Monday, July 11, 2005

Runners World Review July 8th, 2005

Runners World Review July 8th, 2005

For those of you who missed it!

At the Movies: “Kicking Bird”
by Dave Kuehls

This film is low budget, even for an independent film. The
violent scenes are frequently way over the top. The running is
a weird hybrid of track and road racing, no doubt necessitated
by the budget restraints. And yet, through it all “Kicking
Bird” elucidates an essential truth about running—that it is
an expression of the self.

The story is about Martin Johnson, a 17 year-old white trash
kid who runs, mostly to avoid getting beaten up by members of
the track team—which seems to consist of only a handul of
athletes—who act like football players from another teen
movie. Mom is in jail. Dad has his own booth at the corner bar
and no recollection of his son, and Martin’s best friend is
one of those weird teen movie sidekicks who like to spout
inanities down by the train tracks at night.

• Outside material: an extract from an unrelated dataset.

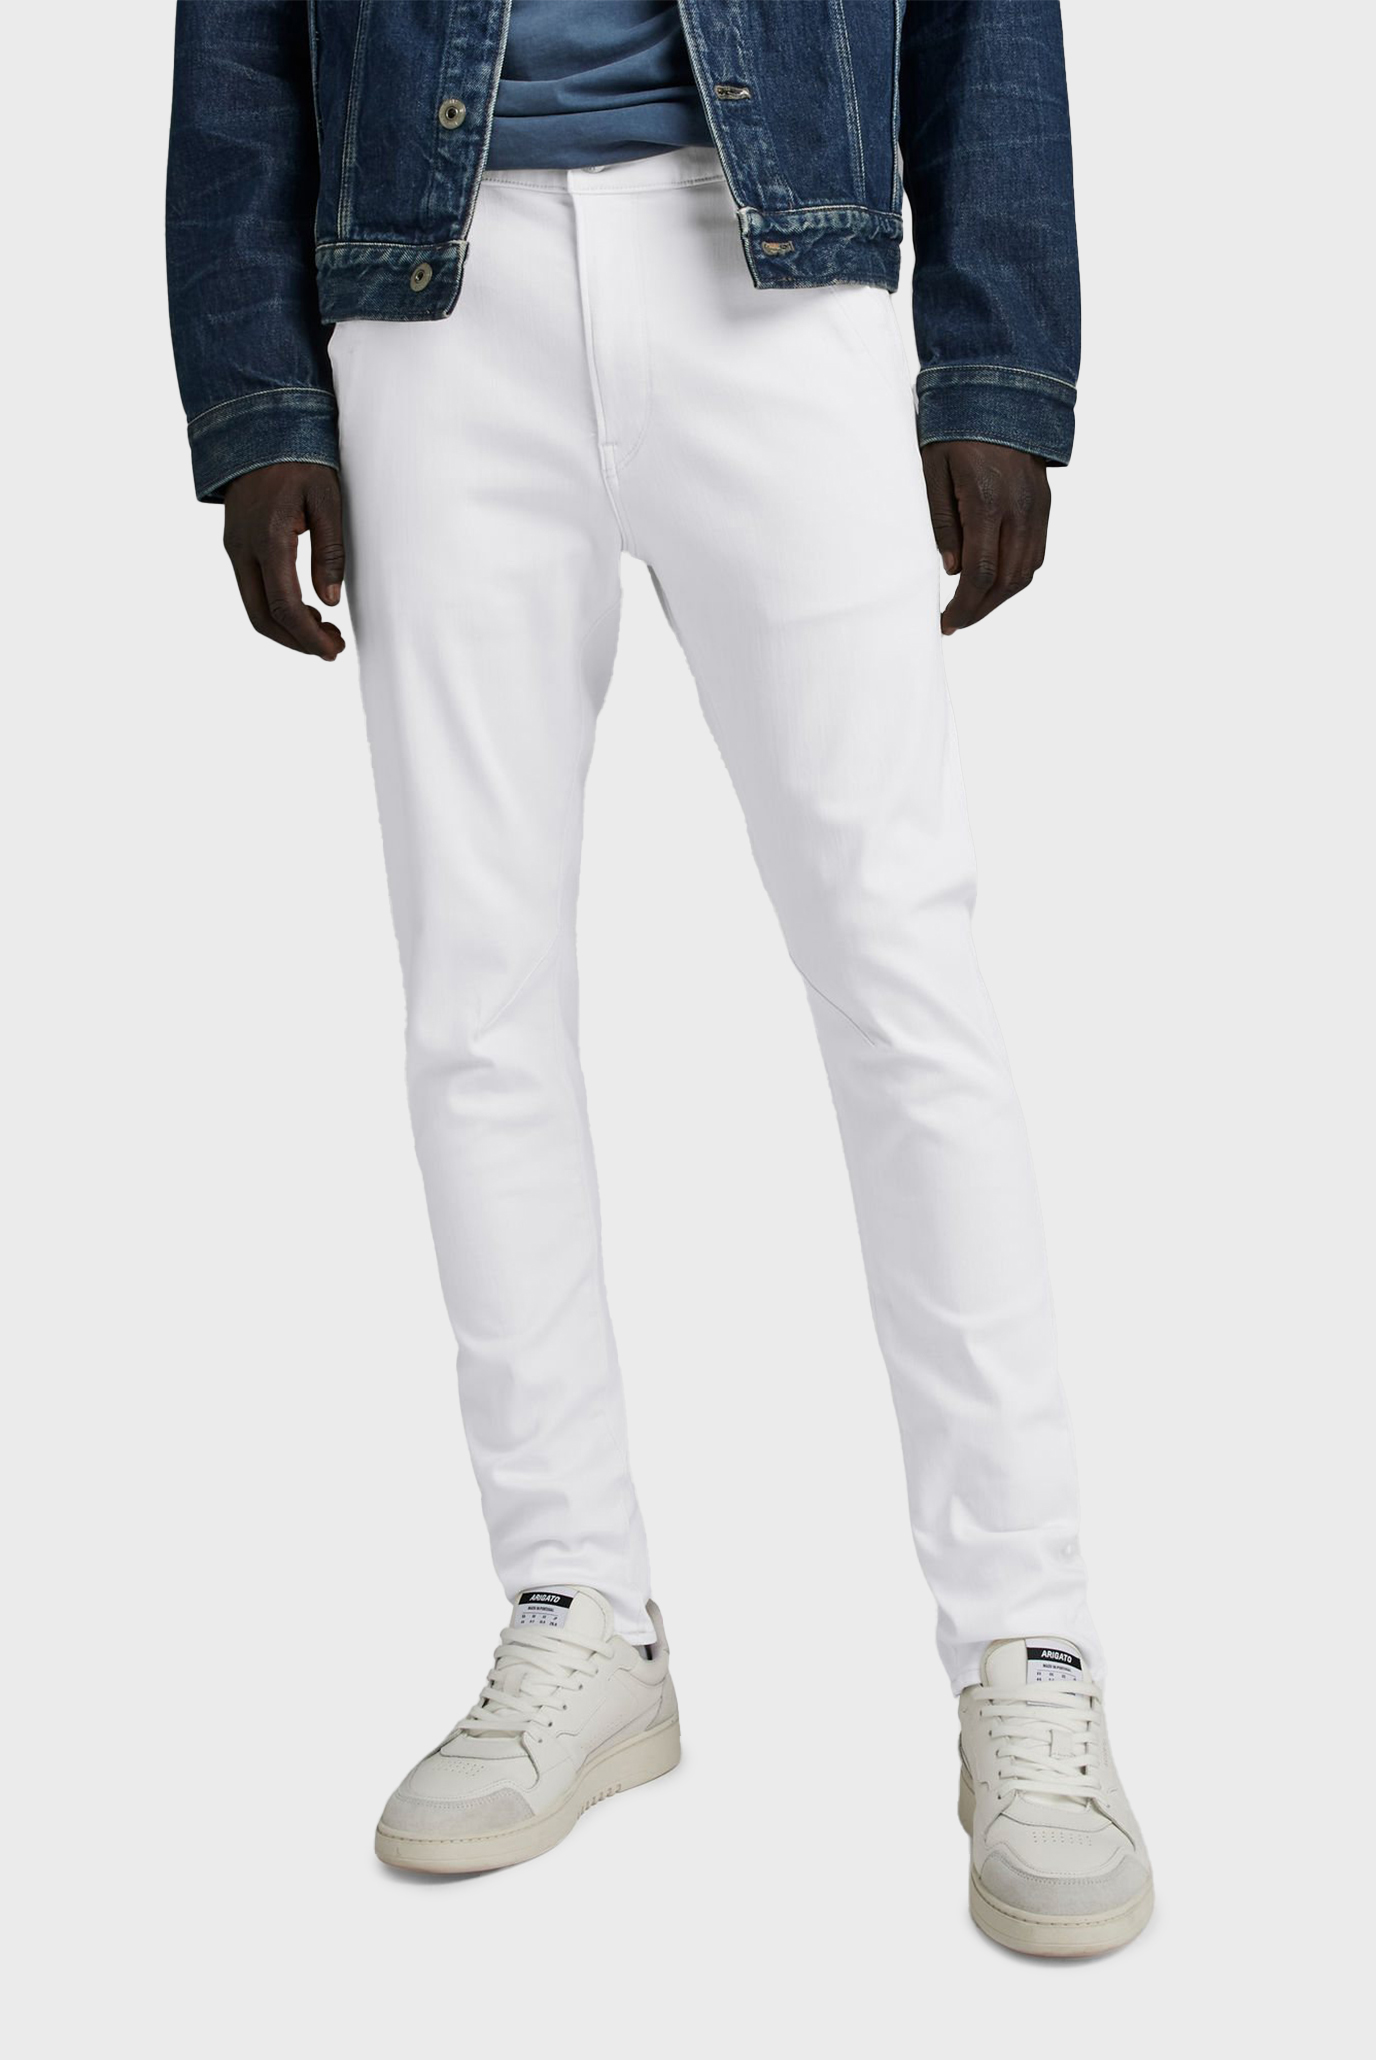 Чоловічі білі джинси Kairori 3D 1
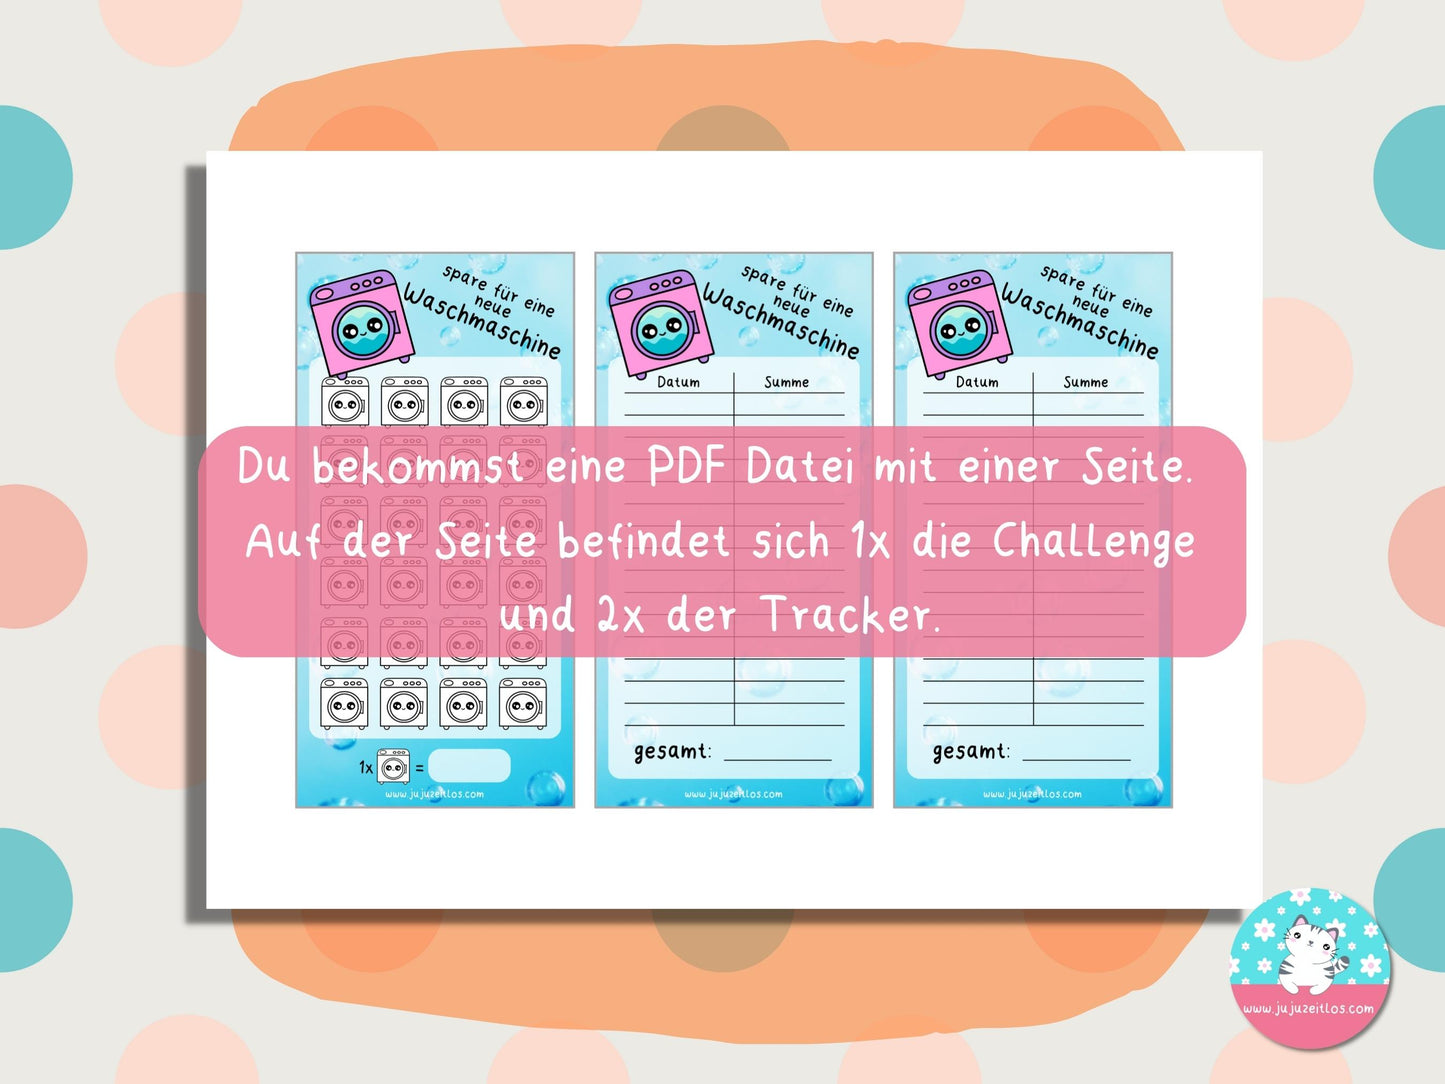 Challenge neue Waschmaschine ♡Sparschallenges als Download A6♡ - JujuZeitlos

But Martin can run. And he’s told he will do so by the track
coach, a paunchy ex-jock who sometimes runs along with Martin
and who sees in him a ticket out, all the way to a nice
university. It’s a package deal. How Martin decides to deal
with everything in his life comes down to, of course, the
final race, which echoes “The Loneliness of the Long Distance Runner
and Good Will Hunting.

“Kicking Bird” was written and directed by Kelley Baker, aka,
Angry Filmmaker, a former sound designer for director—Gus
Van Sant (“Good Will Hunting”). His short films have aired on
PBS and The Learning Channel and have been shown at film
festivals like London and Sundance. In December 2002, Baker
sent out 100 letters to family and friends asking for $100 to
make his film. He got 49 takers, then added some more cash and
shot “Kicking Bird” in digital video over 18 days in and
around Portland, Oregon,” “guerilla style,” with no permits,
and no actor who you may recognize (though some of the
performances are quite good, like Ian Anderson-Priddy in the
lead).

“Please don’t be expecting some big, slick Hollywood
running movie,” Baker wrote to me in a letter that accompanied
the DVD. That was never my intention.

I didn’t expect it. “Kicking Bird” is not a big production
like “Chariots of Fire” or “Without Limits”. And it has its
faults. But at the core it is very true. And that’s something
substantial in any genre.

Kicking Bird is available to order by going to
www.angryfilmmaker.com. And according to its maker, would get
an “R” rating for violence and language.

Dave Kuehls once had lunch with George A. Romero.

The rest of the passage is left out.